Based on analysis of TEA, it is assumed that the costs related to implementing the provisions of the bill could be absorbed within existing resources.
In addition, this analysis assumes that, excluding any technology costs, there would be a net zero All Funds cost to the state to transfer the duties and functions related the administration of CBC from DFPS to the Office of Community-based Care Transition. However, as DFPS continues to be the federally recognized state agency responsible for administering the Foster Care Program in Texas and the associated federal funding, this analysis is unable to determine the federal impact of moving a portion of those responsibilities (CBC) to the new office.

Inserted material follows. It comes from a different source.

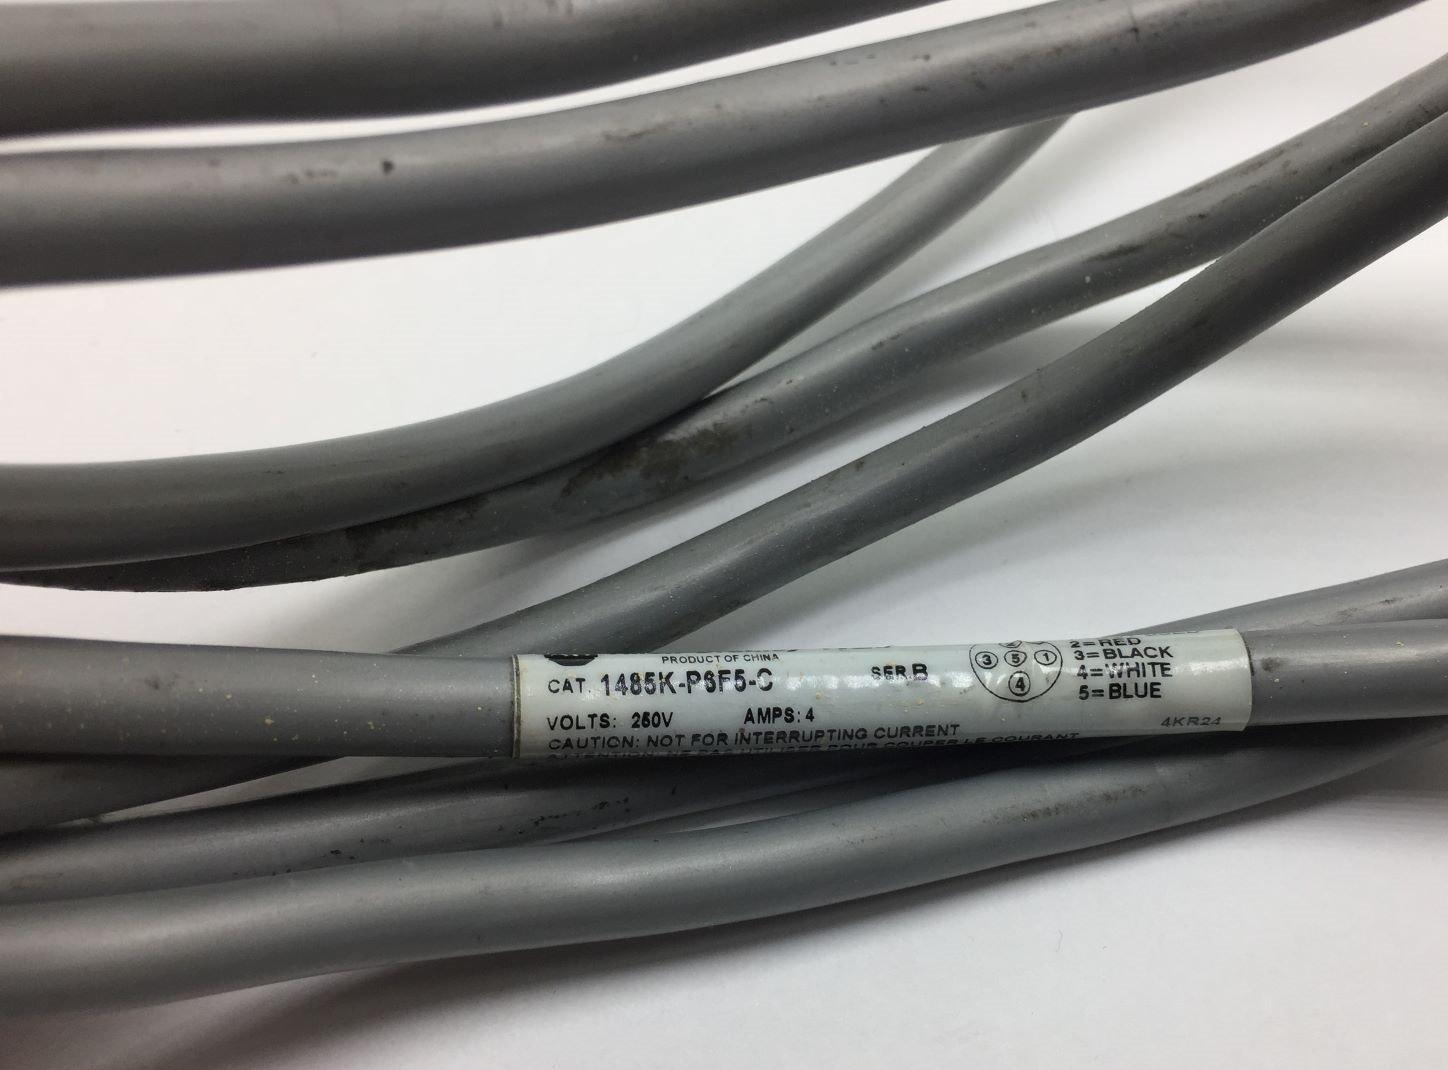   1485K-P6F5-C SER.B DEVICENET CABLE TESTED

This analysis cannot determine the cost to implement the transition of FBSS to evidence-based programs under FFPSA due to the variety of interventions available on the FFPSA federal clearinghouse. Based on other PEI contracts with community agencies for evidence-based practice, this analysis assumes that the average cost per family would be $3,547 but it cannot be determined what portion of existing FBSS families would accept FFPSA services and the portion that would be referred to the community.
It is assumed that any additional costs to DFPS and HHSC to implement the provisions of the bill could be accomplished within existing resources.